** Opening Recorded data block **

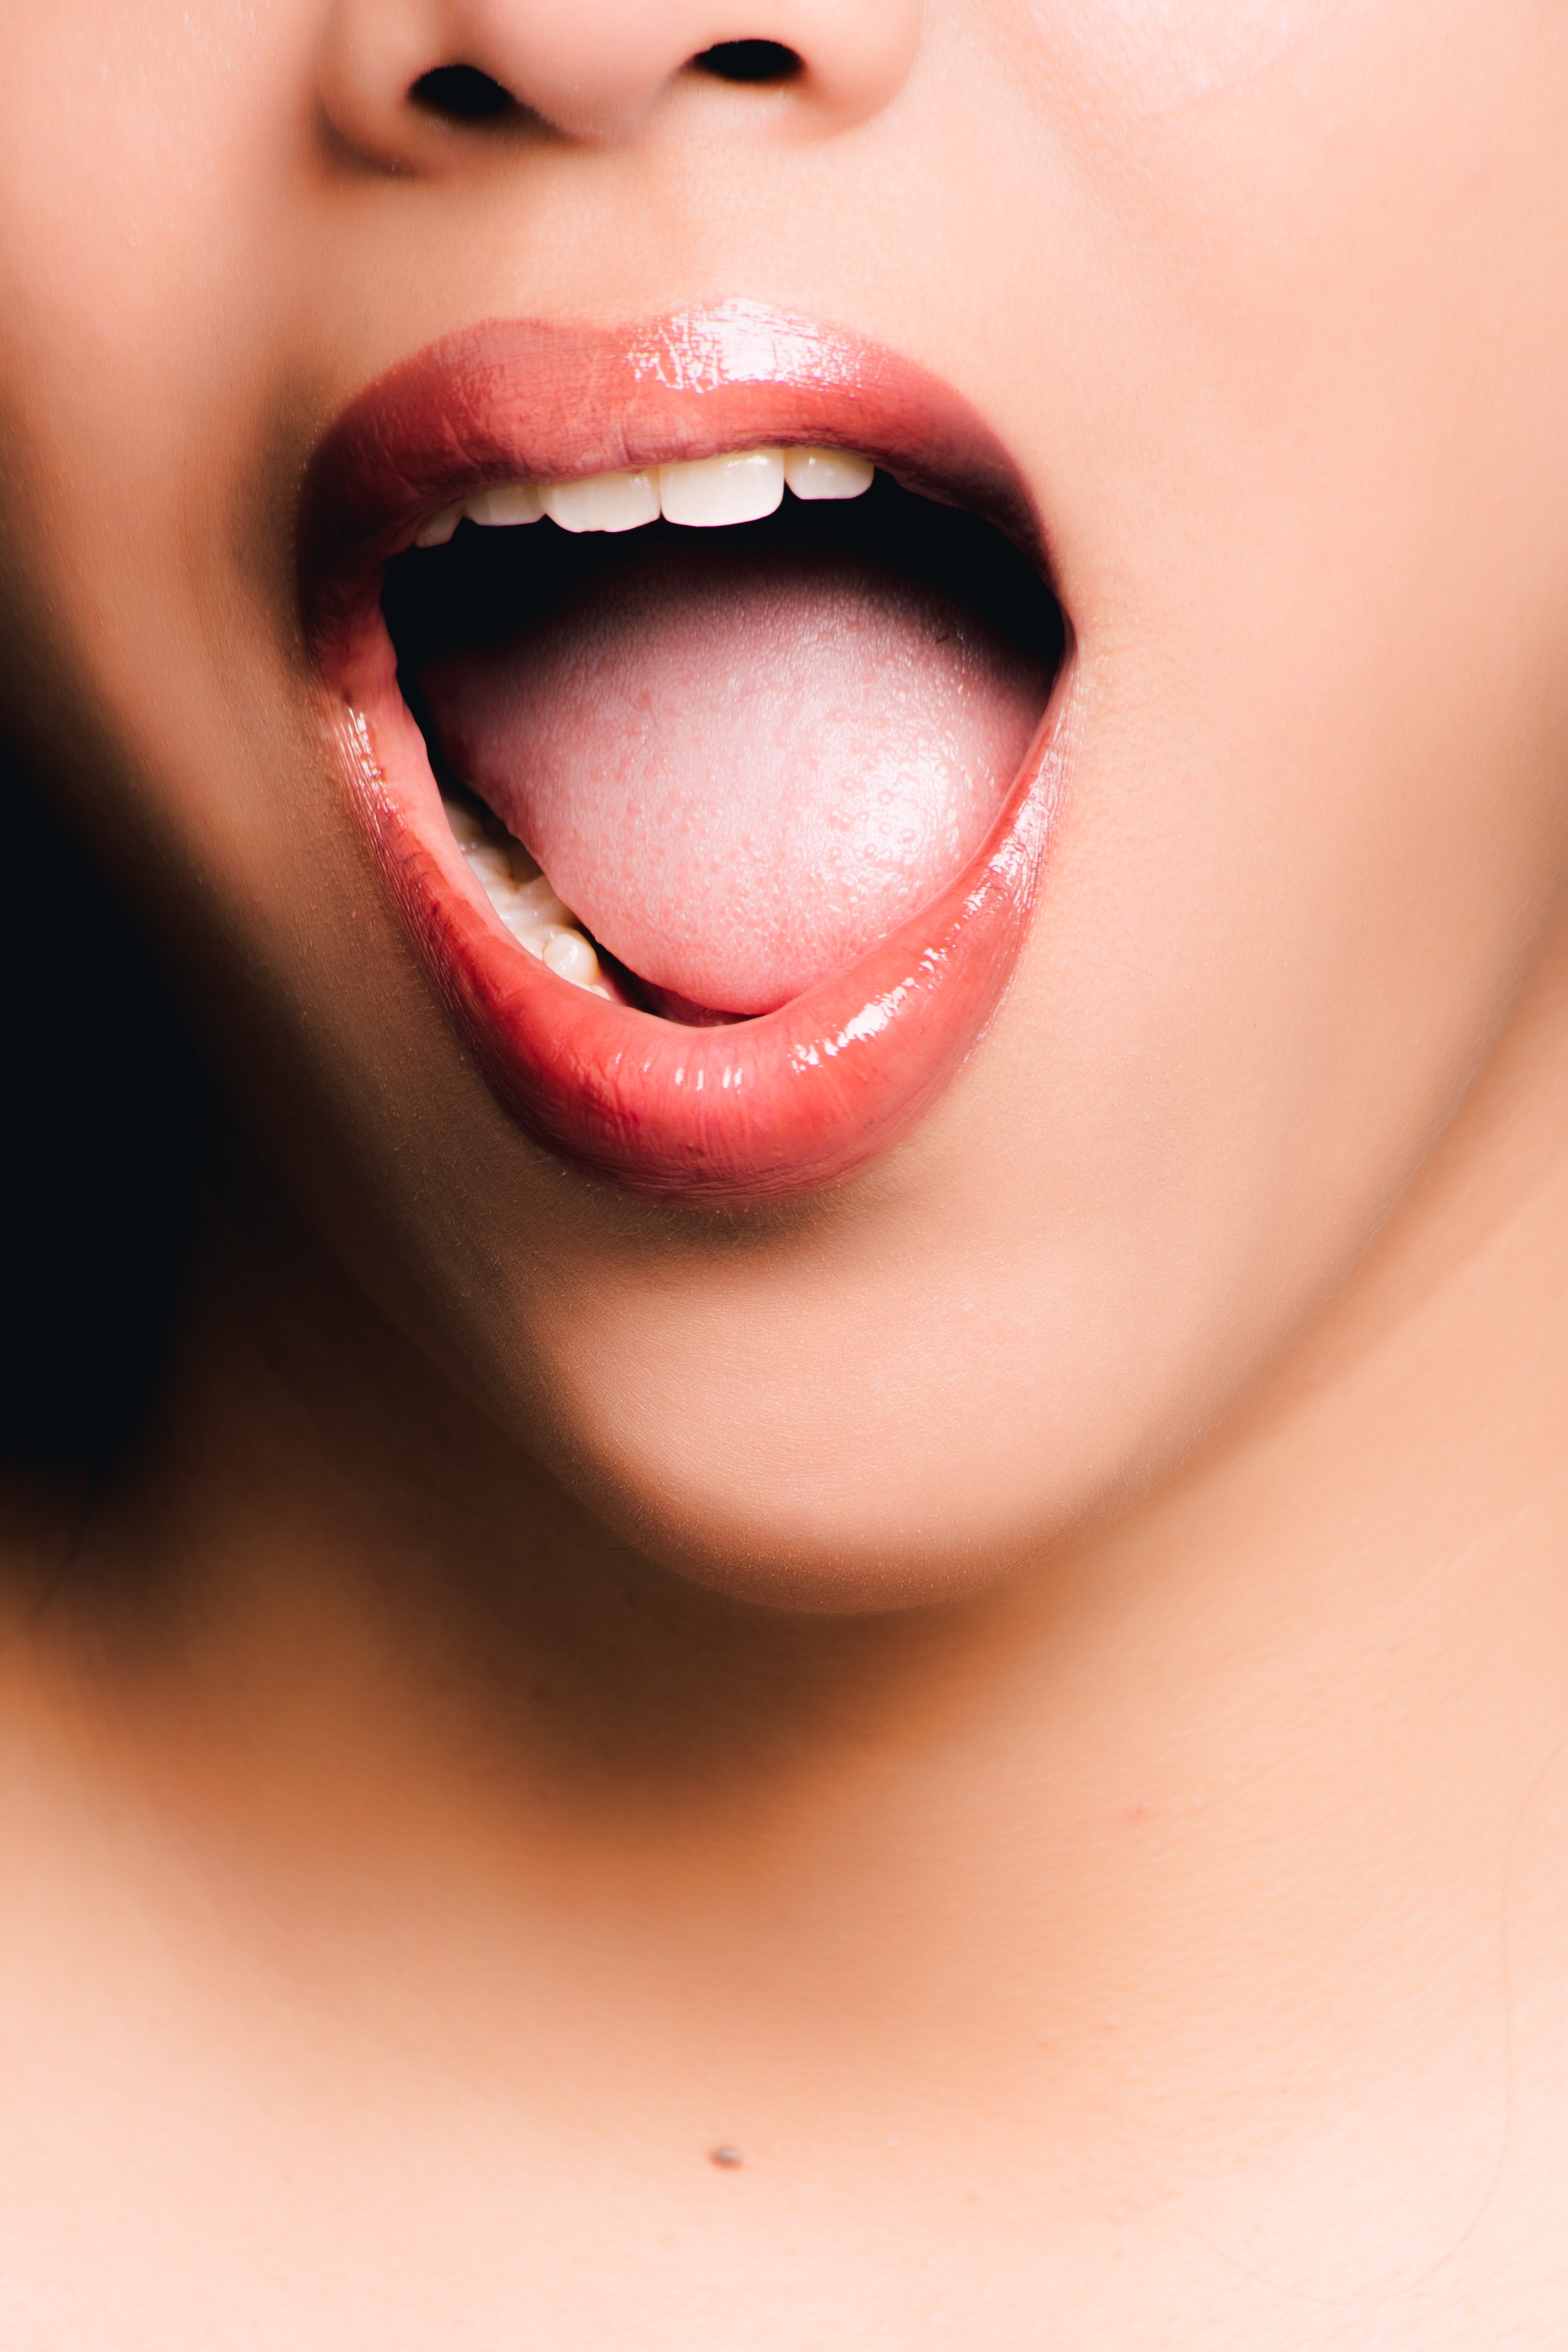 What Your Tongue Says About Your Health (Become a Member for Access)
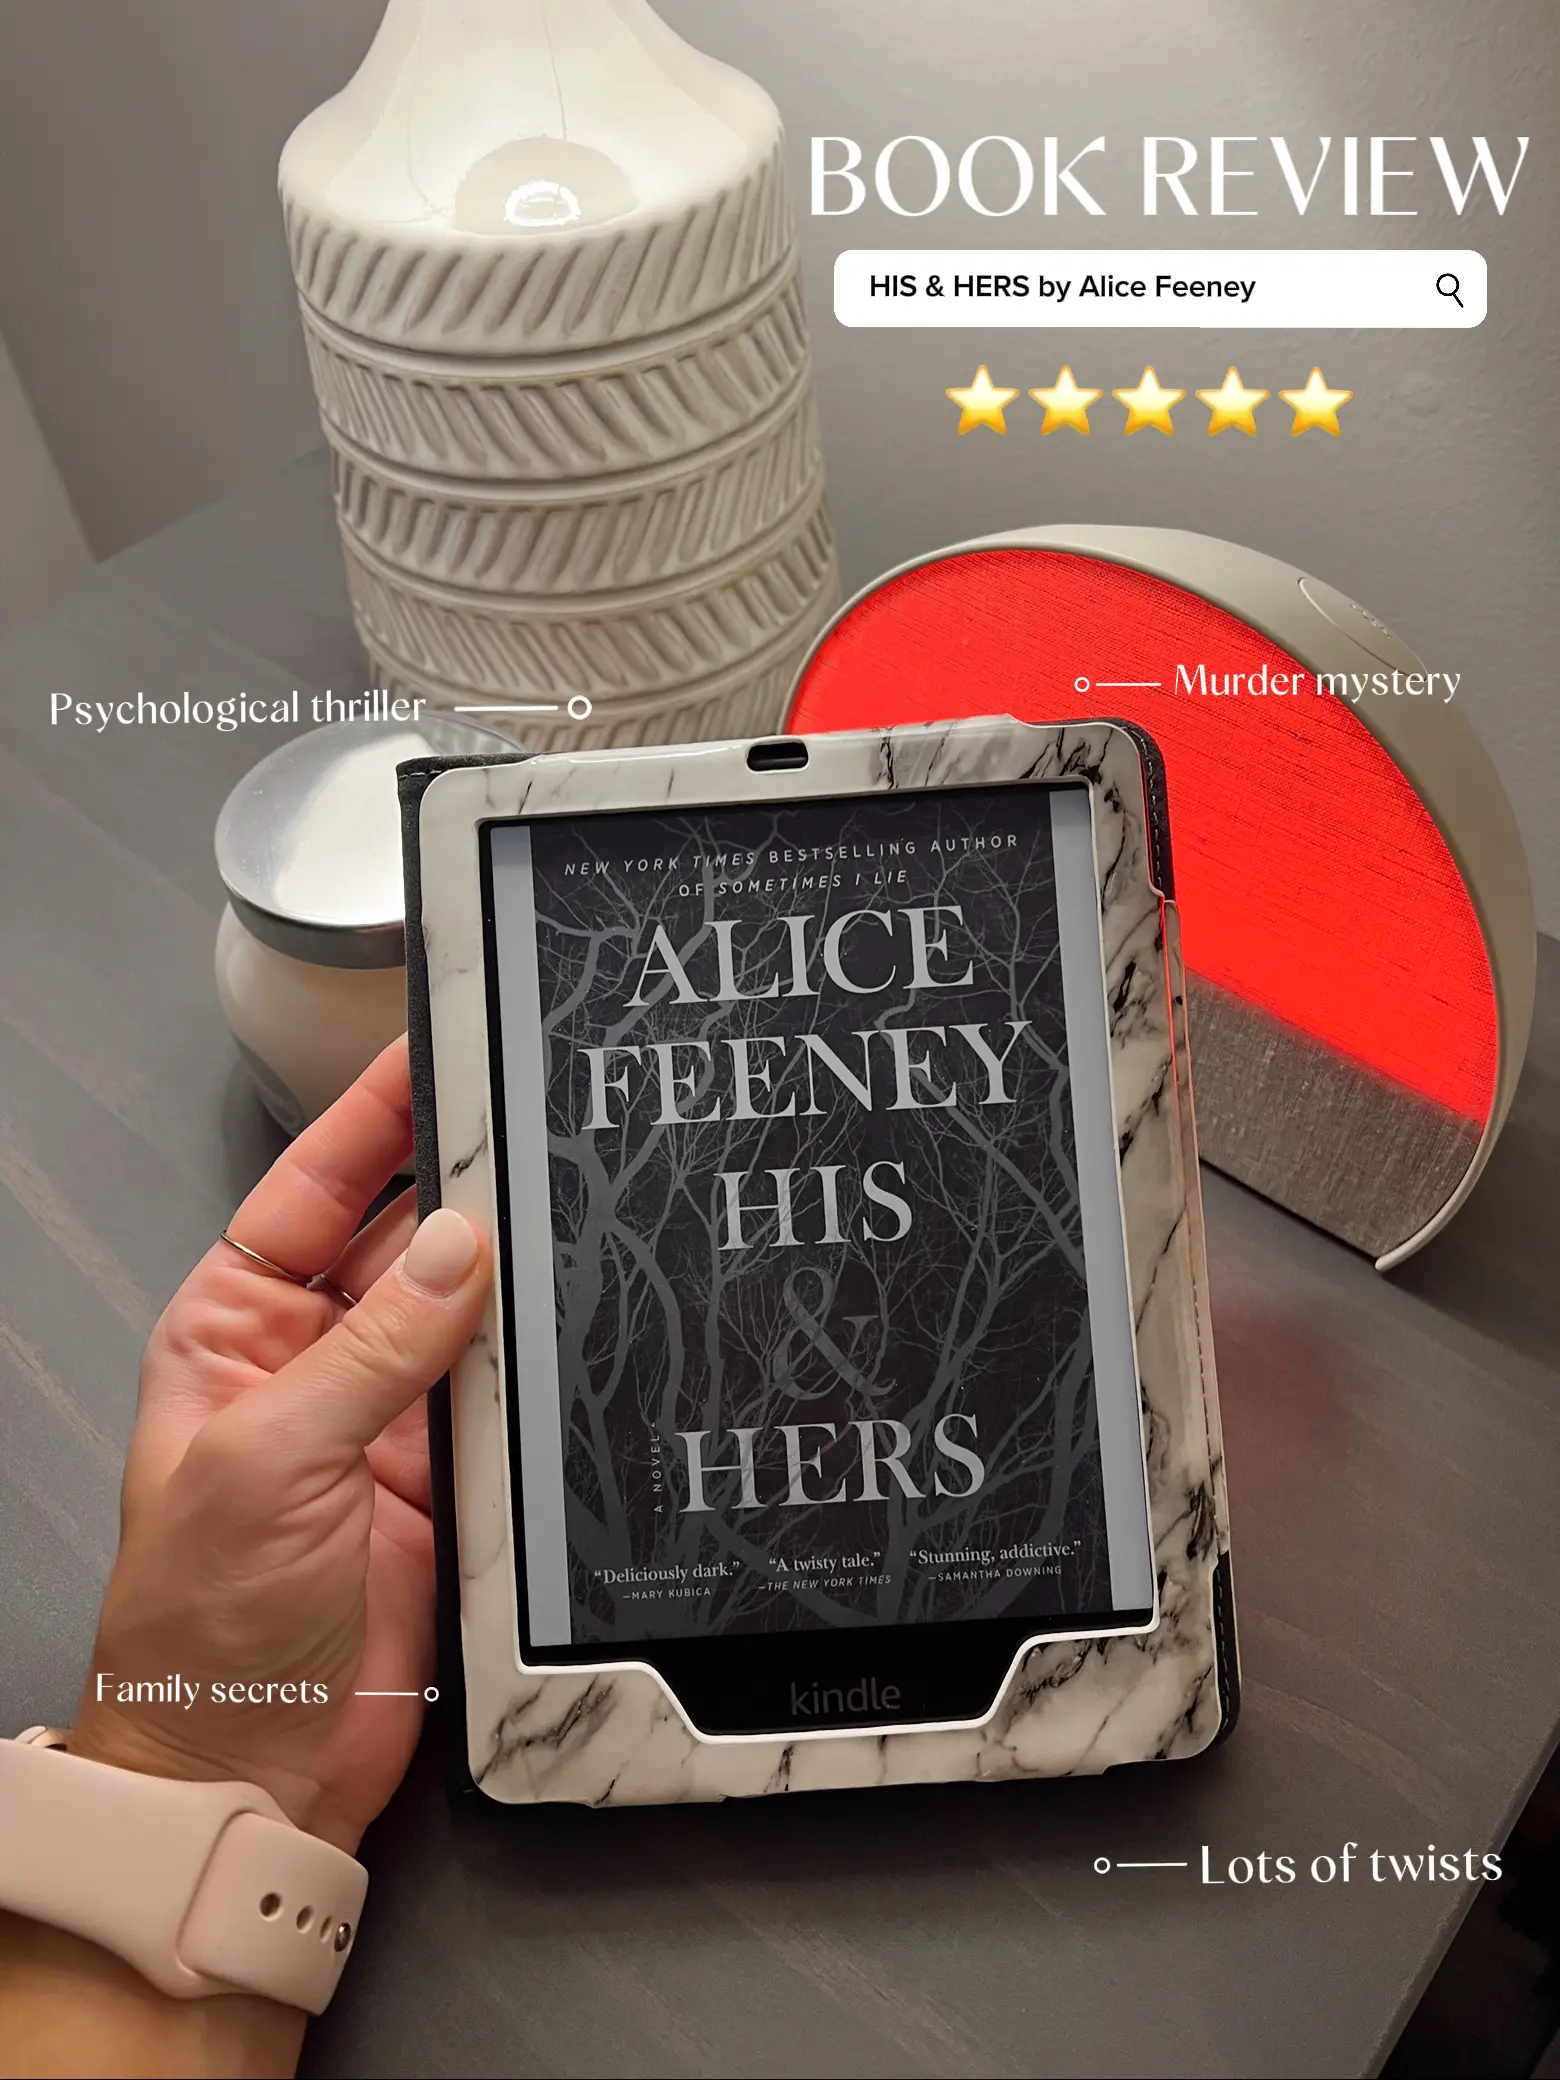 Book Review: His & Hers by Alice Feeney
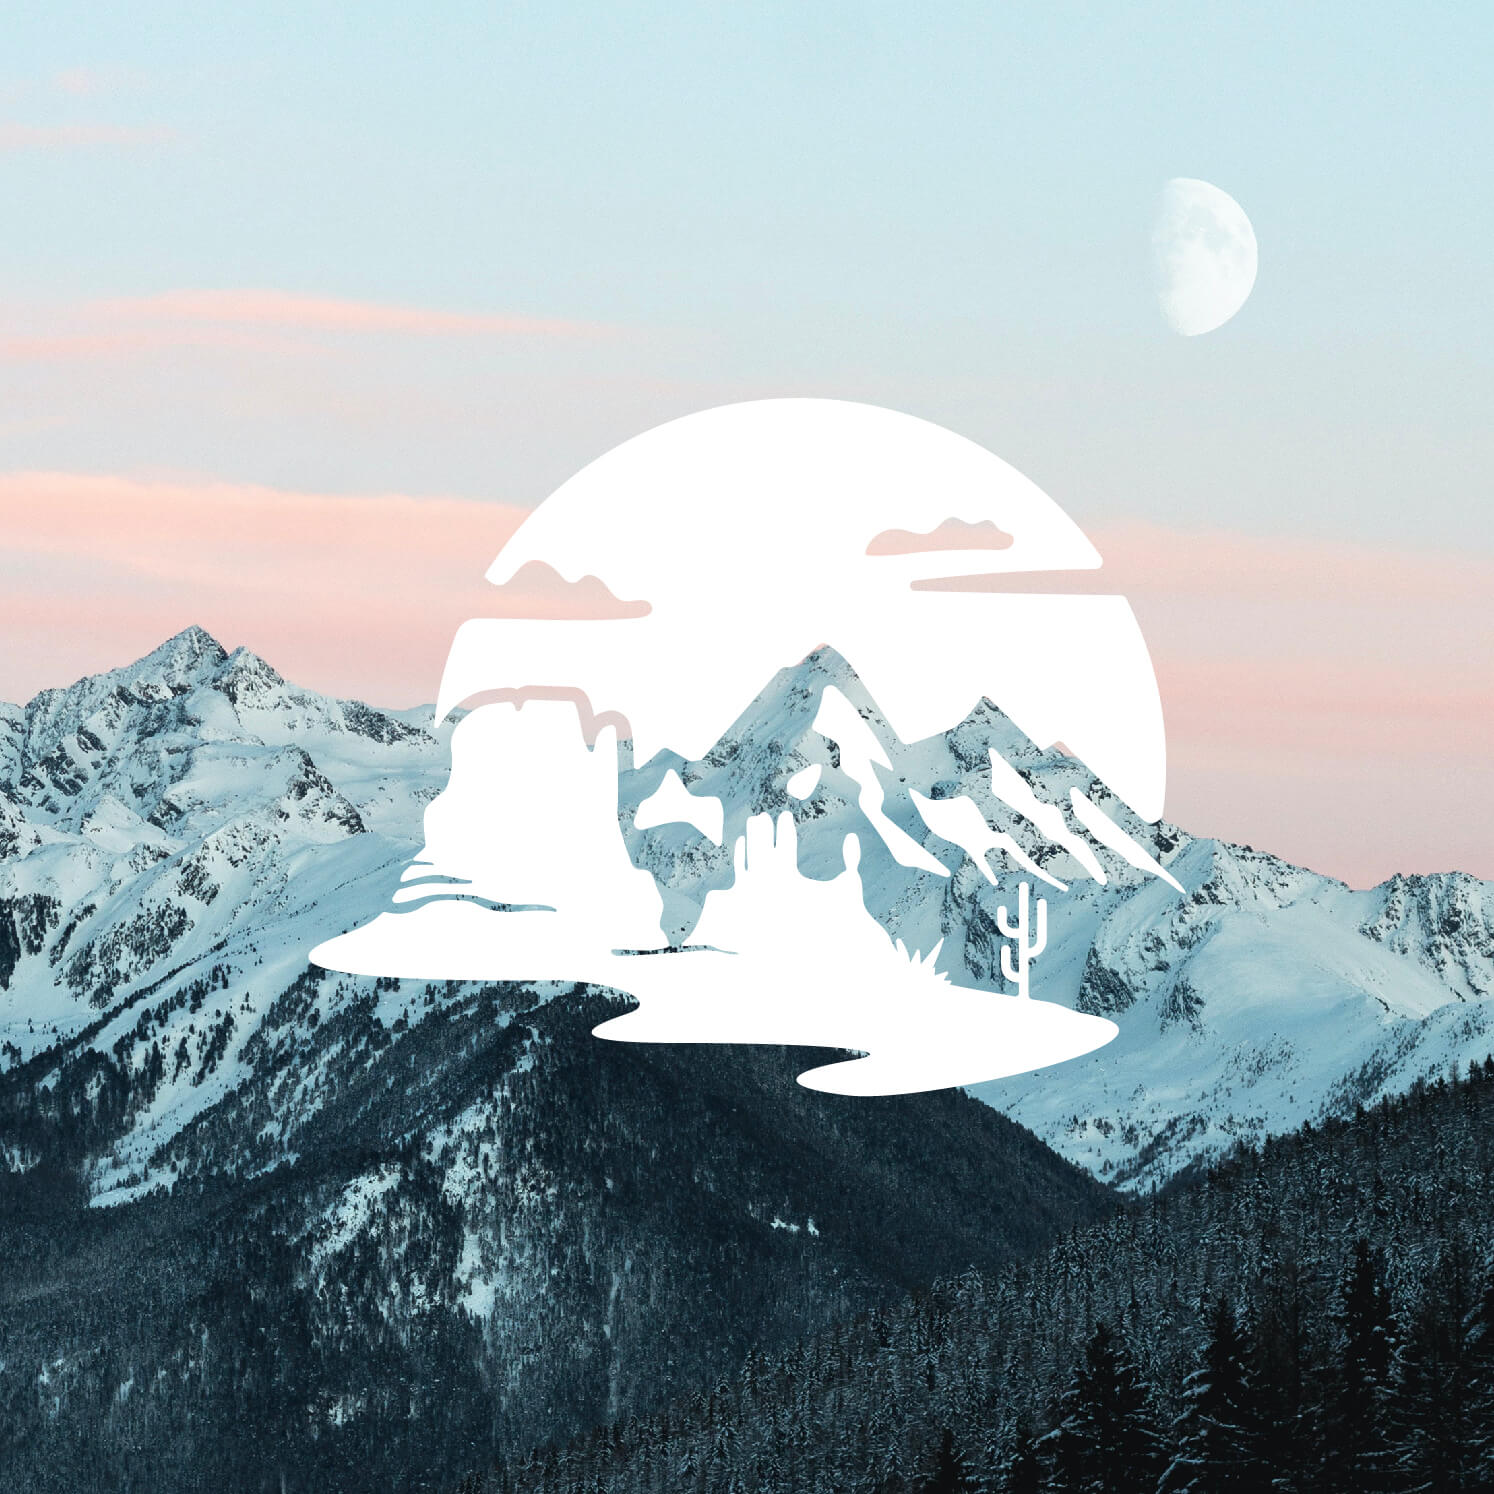 Ilana Fay Copy, copywriter for outdoors brand, graphic logo design of mountains and desert overlaid on photograph of sunrise over snow covered mountain tops

** Closing Recorded data block **

# Goal of the exercise
Without the pictures, write out the listing exactly as it appears above.

# Your solution
 What Your Tongue Says About Your Health (Become a Member for Access)
 Book Review: His & Hers by Alice Feeney
 Ilana Fay Copy, copywriter for outdoors brand, graphic logo design of mountains and desert overlaid on photograph of sunrise over snow covered mountain tops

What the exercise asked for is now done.